Private wealth rushes in where institutional capital fears to tread

High-net-worth investors are capitalizing on the absence of institutional capital ‘to acquire assets that are usually beyond their reach.’

The trend of private wealth becoming more active in investing in commercial real estate is set to continue in 2023 as institutional investors become more cautious amid market uncertainty, according to data from MSCI and Knight Frank.

The proportion of private wealth capital in total commercial real estate transactions increased from 28 percent in 2020 to 38 percent in 2022, according to MSCI data as of April 2023. The data showed the investor type continued to be active in the first quarter of 2023, when it made up 34 percent of the total transaction volume.

Hong Kong family office Chow Tai Fook Enterprises’ partnership with Carlyle China spinout Ascent Real Estate Investors, which PERE exclusively reported on this week, is the latest example of a private wealth investor wanting to expand its real estate investment capability.

While both CTFE and the Ascent team are responsible for investment and asset management activities, the former will provide seed capital for future funds and platforms launched under the partnership.

Han Chen, founder of Ascent Real Estate Investors, said the Hong Kong investor has a long history of real estate investing and is more flexible than institutional investors with making investment decisions and deploying capital.

This greater flexibility has helped private wealth capital to remain active in real estate investing while many institutional investors have remained on the sidelines. “They can often purchase an asset all-equity as they have a high cash reserve,” explained Neil Brookes, global head of capital markets at Knight Frank. “Once they have purchased the asset, they can look to raise debt later when the debt market stabilizes and the cost of capital reduces again.”

Brookes told PERE that private wealth capital will become more active in 2023 as opportunities emerge from owners that are forced into selling their real estate assets because of mounting refinancing pressures this year.
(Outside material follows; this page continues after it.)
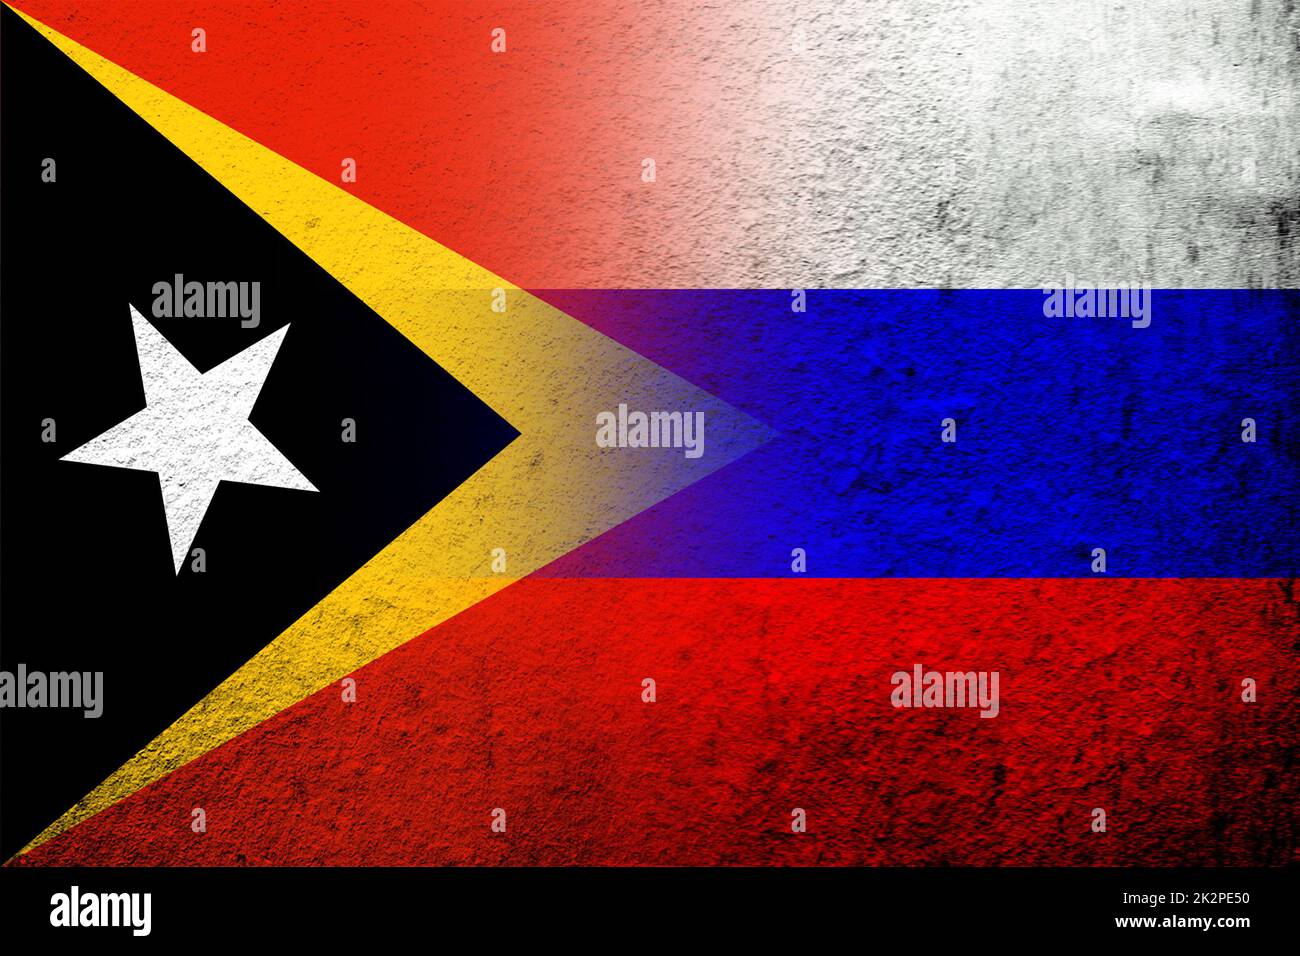 Nationalflagge der Russischen Föderation mit der Demokratischen Republik Timor-Leste Osttimor Nationalflagge. Grungen Hintergrund Stockfoto

“We have observed that some private clients are leveraging the absence of institutional capital to acquire assets that are usually beyond their reach,” Brookes said. He pointed out that private wealth’s share of global commercial real estate investment in 2022 was its highest on record. While institutions reduced real estate investment by 28 percent in 2022, private wealth was less defensive, with transaction volume from the investor type falling by only 8 percent last year, according to Knight Frank’s Wealth Report 2023.

Nick Loup, chief executive officer at Hong Kong-headquartered real estate investment firm Chelsfield Asia, also pointed out that the size of the private wealth market, including family offices and high-net-worth individuals, has grown globally due to significant wealth creation in recent years and this has in turn increased these investors’ allocations to commercial real estate. Setting aside exchange rate movements, aggregate global wealth grew by 12.7 percent in 2021, according to Credit Suisse Research Institute’s thirteenth Global Wealth Report published in September 2022.

Brookes also expected an uptick in activity particularly from Asia-Pacific as 32 percent of high-net-worth individuals in the region plan to increase their investments in commercial real estate in the next 12 months. “I think because we have seen this good wealth preservation in Asia-Pacific as well as more high-net-worth individuals still being created in the region compared to the US and Europe,” he explained.

Indeed, while the US accounted for the largest source of private wealth capital last year, with $302 billion invested in private real estate, the investment volume from the region dropped 3 percent year-on-year, according to the Knight Frank report. Of the top 10 sources of private wealth capital last year, investors from France and China were the only buyers to increase investment in 2022, up 27 percent and 25 percent on the previous year, respectively.

Favoring offices

In terms of sectors, Brookes told PERE that private wealth investors continued to favor the office sector because office assets are less management-intensive than assets in some other sectors. According to the report, more than 40 percent of total private wealth cross-border capital prefers the office sector, followed by the industrial and residential sectors.

It is also worth noting that private wealth investors are now more likely to gain access to good office assets as many institutional investors pull back due to the high cost of borrowing for office transactions today, according to Brookes. For example, the average cost of debt for office specialist funds in Australia more than doubled in Q4 2022, increasing from 2.7 percent a year ago to 5.8 percent, the highest average cost since mid-2019, according to MSCI.

“As the cost of debt is higher than the yield institutional investors can get from purchasing offices, they have to negatively gear their investment which is dilutive to their returns,” said Brookes.

With growing interest from private wealth capital, Knight Frank has participated in a number of office deals involving the investor type in the past six months. The firm took part in the acquisition by Hancock Prospecting – the mining and agricultural company owned by Australian tycoon Gina Rinehart – of 70 Eagle Street in Brisbane for more than A$100 million ($67 million; $61 million) and UBS’s A$400 million purchase of a 73 Miller Street office block in Sydney on behalf of a wealthy European client.